A neurodegenerative disorder is a disease that attacks the central or peripheral nervous system, causing it to progressively deteriorate.

These disorders typically worsen over time, and currently they have no known cures.

The most commonly known neurodegenerative disorders are Alzheimer’s Disease, Multiple Sclerosis, Amyotrophic Lateral Sclerosis, and Parkinson’s Disease.


How Common are Neurodegenerative Disorders?

Over 7 million Americans are currently living with some form of Neurodegenerative

Disorder. By the year 2030, 1 out of every 5 Americans over the age of 65 will be living with neurodegenerative disease (1).


Almost 900,000 Americans live with Parkinson’s disease, with roughly 60,000 new diagnoses each year (2).


The risk of developing a neurodegenerative disease increases with age. As our lifespans increase, so does our risk of developing some form of degenerative condition.


What Causes Neurodegenerative Disorders?

The exact causes of neurodegenerative disorders are open questions. Neuroscience research has identified much about how these diseases develop and progress, but causes and effective treatments remain elusive (3). 


In Alzheimer’s and Parkinson’s diseases, failure to break down particular proteins lead to a progressive loss of communication between neurons, and ultimately to death of neural tissue (15,16). 


In Multiple Sclerosis, the body’s immune system becomes dysregulated and begins to attack a neuronal protein that leads to failed communication and death of neurons (17). 


In Amyotrophic Lateral Sclerosis, hyperexcitability of cortical neurons lead to excitotoxicity responses that cause motor neurons to degenerate (18). 


In all of these conditions, while the progression of the diseases is well understood, the exact causes and triggers are not as well grasped by science and are still under review.


Whatever the causes, once they present these diseases are generally progressive, with symptoms and findings worsening over time. As more neurons are lost, patients progressively lose function. These diseases can be debilitating, and in some cases, can lead to catastrophic outcomes.


What are the Symptoms of Neurodegenerative Disorders?
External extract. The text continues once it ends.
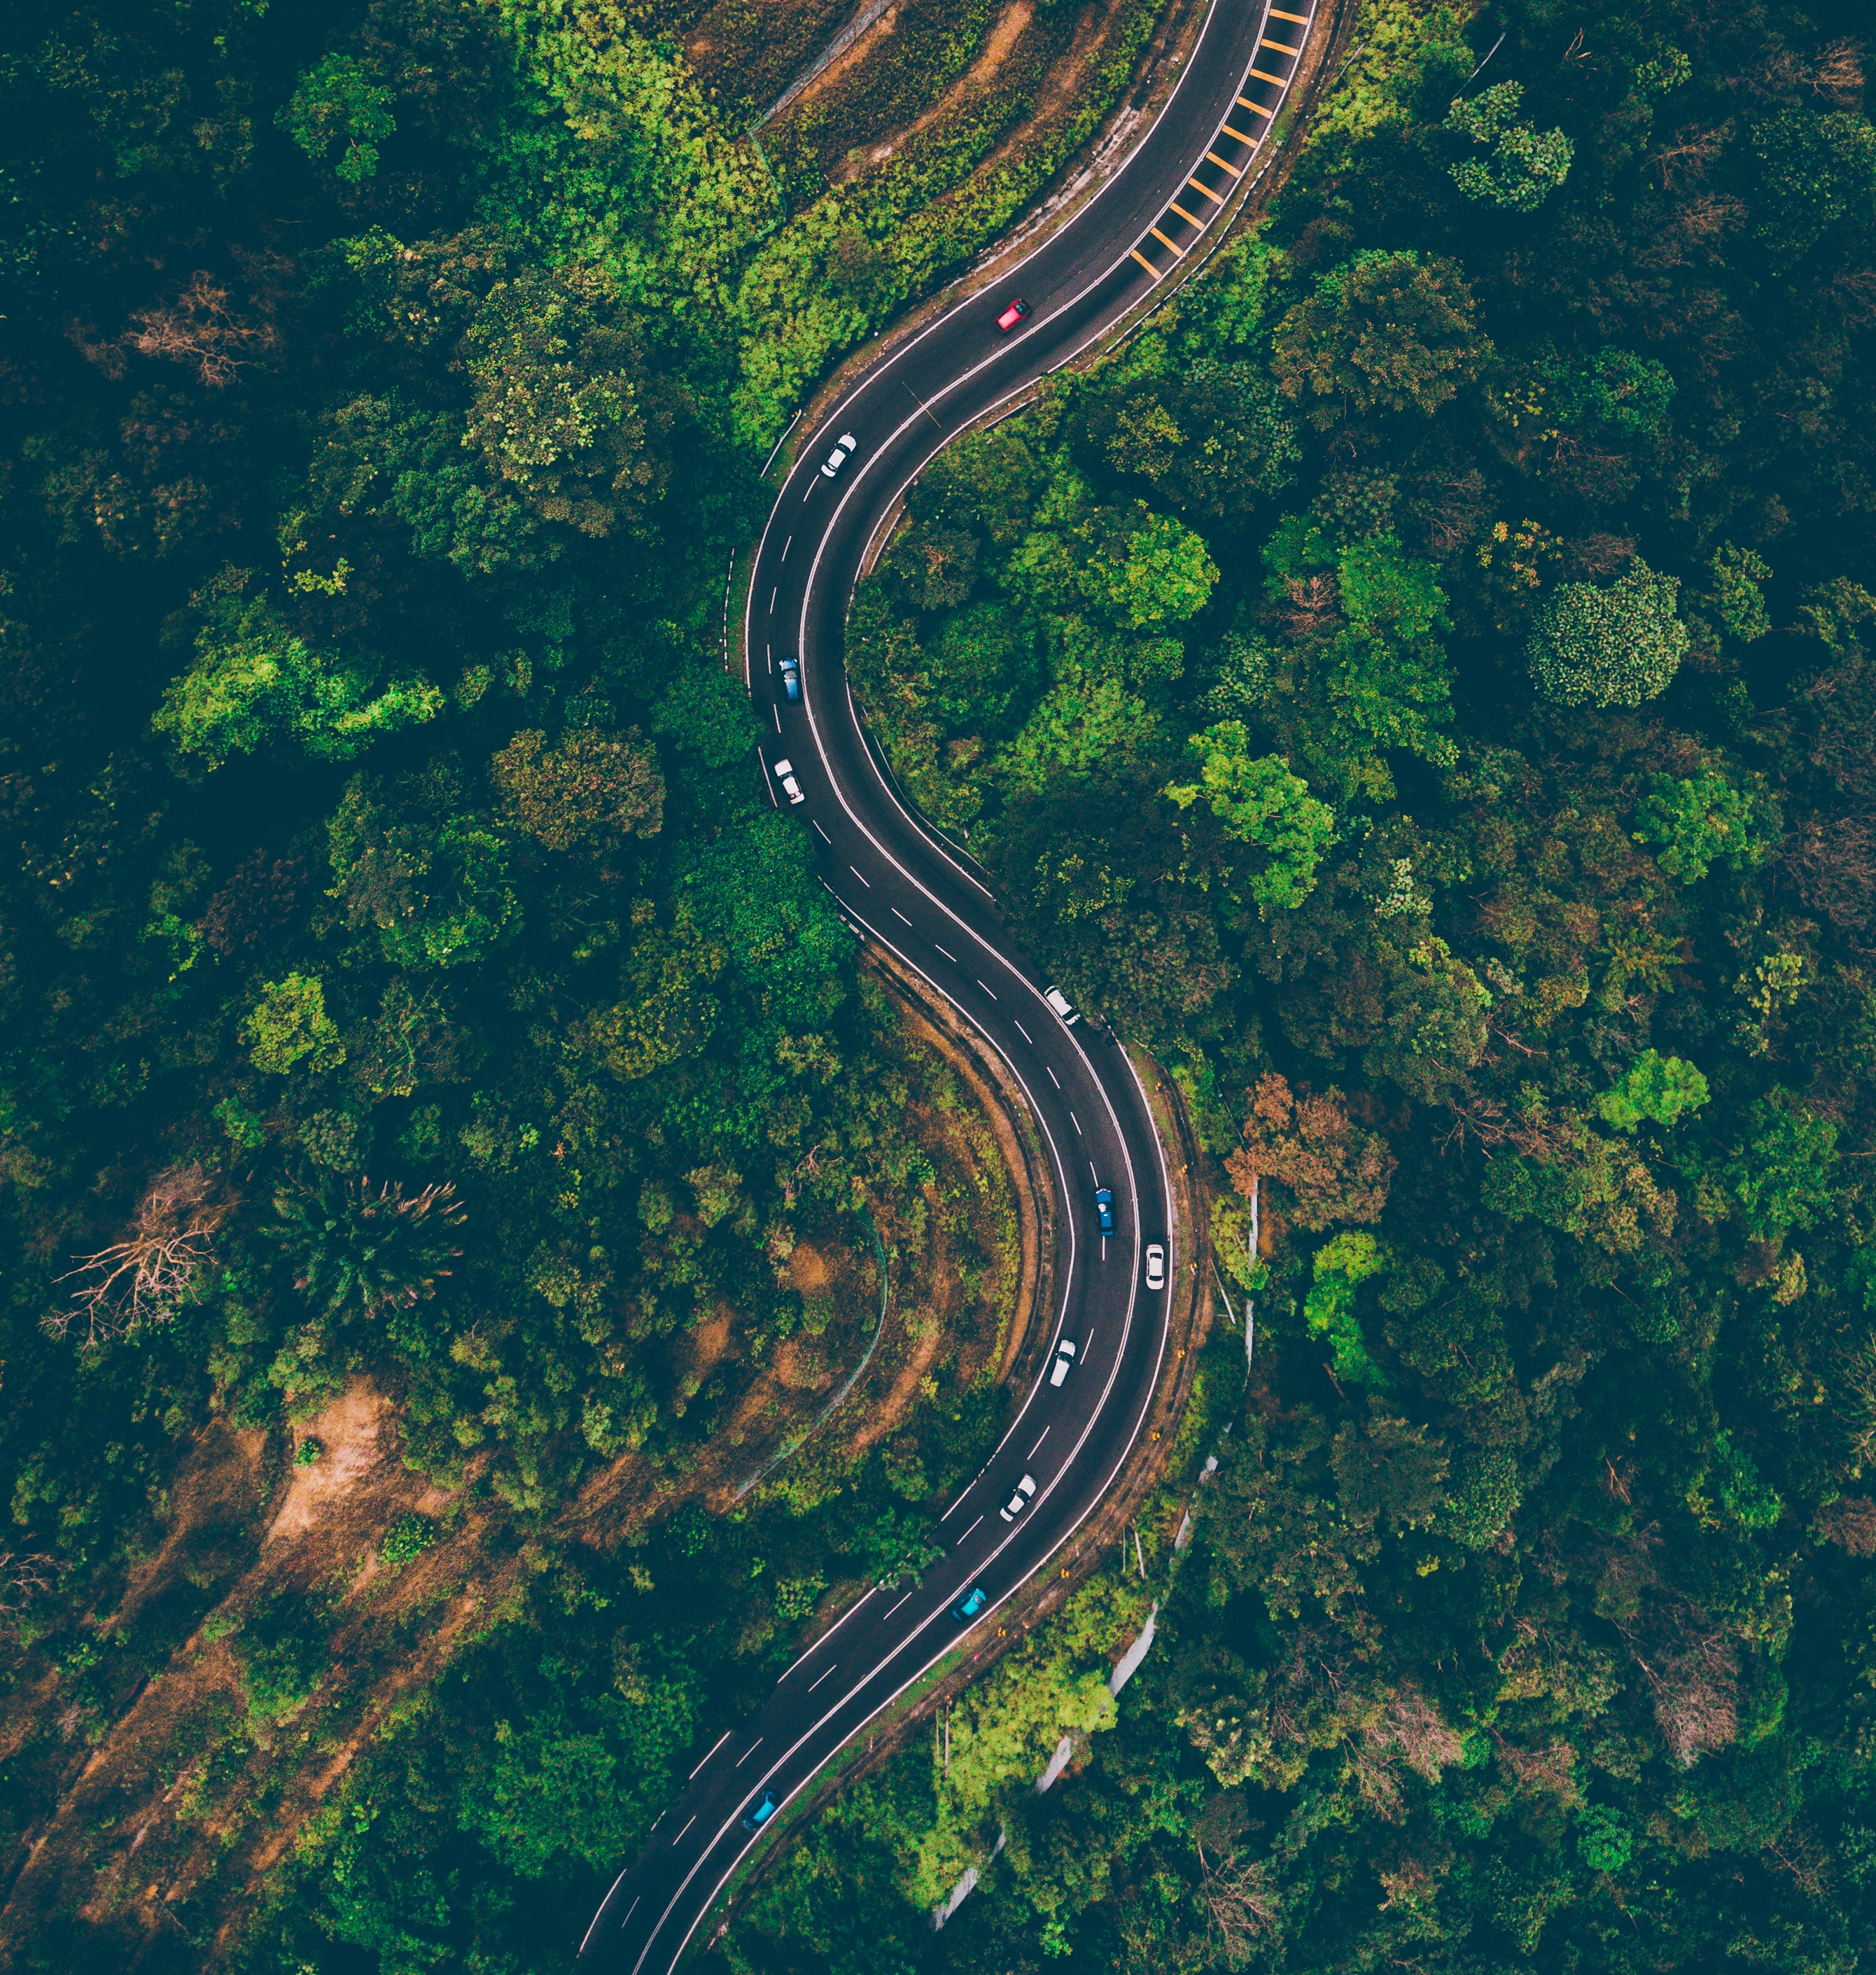 road, sinuous, malaysia, view from above, nature, trees, winding, batang kali Full HD
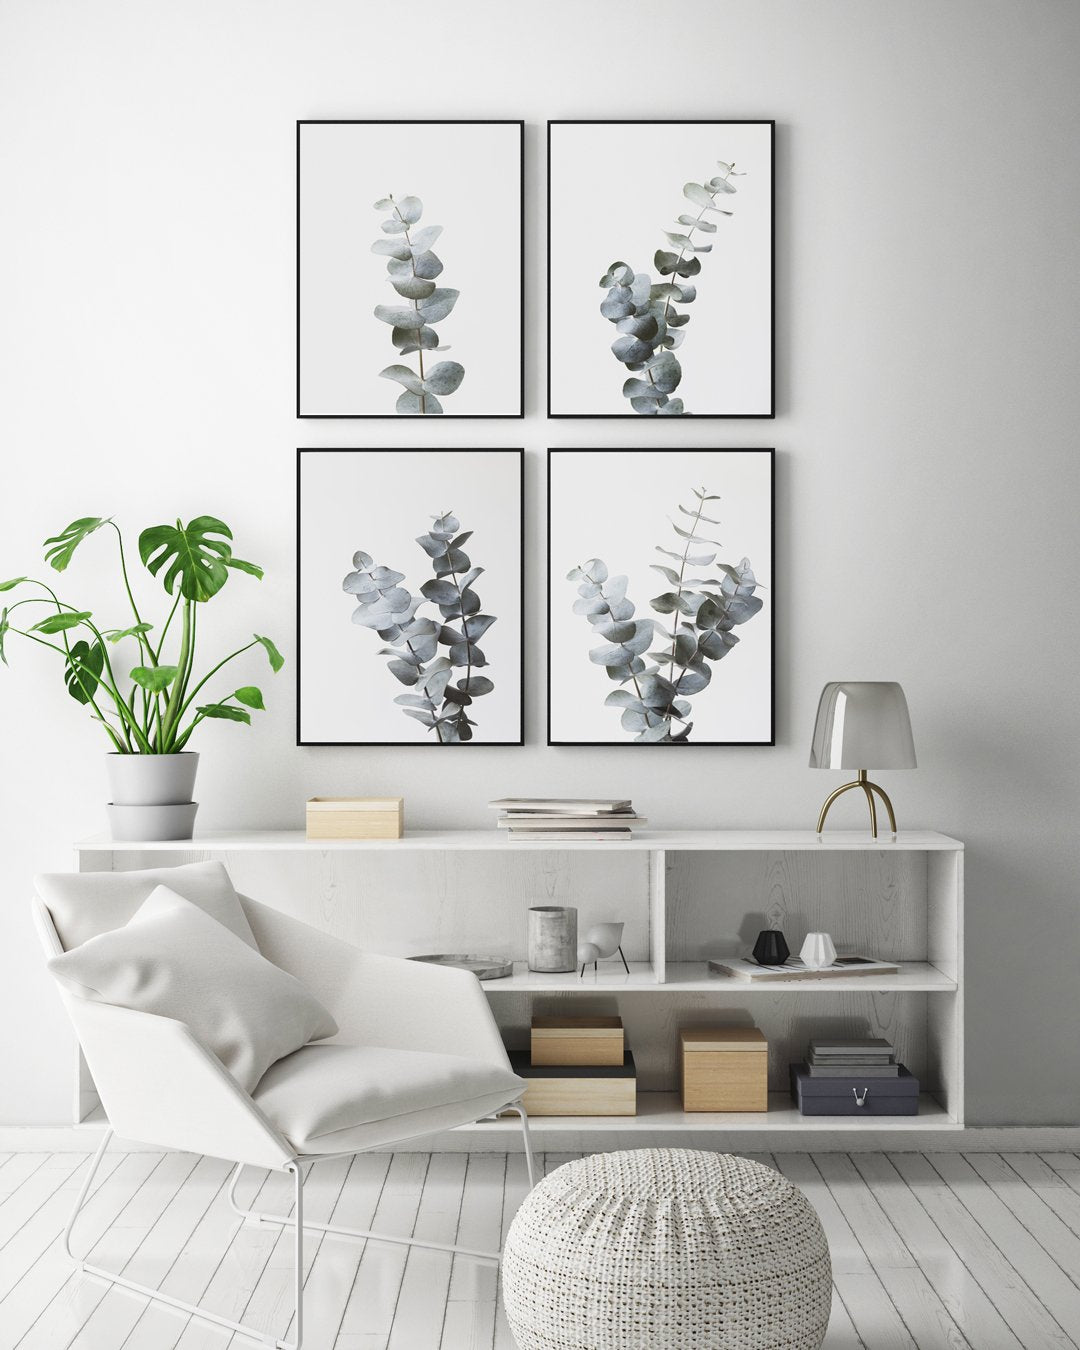 Stunning image showcasing the intricate details of a gum eucalyptus branch, ideal for wall decor.

There are myriad symptoms of neurodegenerative disorders, with different conditions manifesting in a series of associated syndromes.


In disorders involving dementia, such as Alzheimer’s disease and a number of the Parkinson’s disease variants, often one of the earliest symptoms is a subtle memory deficit. While it is entirely normal for all of us to see some level of slow memory decline as we age, a sudden onset of progressive memory loss is a cause for concern and should lead to a neurological evaluation (19). 


In other conditions, the first presenting symptom may be body stiffness and pain in shoulders and hips, or a loss of coordination. Balance may become impaired, people may feel unstable, and they may begin to drop or bump into things (20). 


As symptoms progress, sufferers may start to show personality changes, and may struggle with mood regulation. Things like apathy, depression, anxiety, and mood instability may start to manifest (21).


As conditions worsen, symptoms may start to include things like gait disturbances, tremors and spontaneous movements. People may develop a significant fall risk, which can lead to further injury and accelerate their neurodegeneration. Cognitive symptoms may progress as well, leading to memory loss, difficulty with attention and focus, and loss of executive function. Autonomic functions such as heart rate and blood pressure may be affected as the diseases progress (22). 


What Happens in the Brain with Neurodegenerative Disorders?

Many neurodegenerative conditions are considered to be protein aggregation disorders. In the case of Alzheimer’s disease, a particular set of ApoE genes predispose individuals to degeneration based on the inability to break down a protein called tau, which creates tiny fibrous tangles between neurons that impairs their communication. There is also a protein called beta-amyloid that builds up into clumps between cells. This further impairs neuronal communication. Ultimately the excess protein chokes out neurons, which begin to progressively die off (4). 


Parkinson’s disease is somewhat similar, in that a genetic issue leads to clumps of a protein called alpha synuclein. This builds up in neurons that produce dopamine, and gradually destroys dopamine pathways. These pathways are critical for motor function, leading to difficulty with motor control, tremors, and balance difficulties (5).


In multiple sclerosis, the immune system develops an inappropriate response to a protein called myelin. This protein insulates axons, the long thin projection fibers between neurons that allow them to communicate. In MS the immune system is inappropriately activated, and an autoimmune response develops that causes it to destroy myelin. This impairs neurological communication, and can lead to progressive loss of neurological tissue (6).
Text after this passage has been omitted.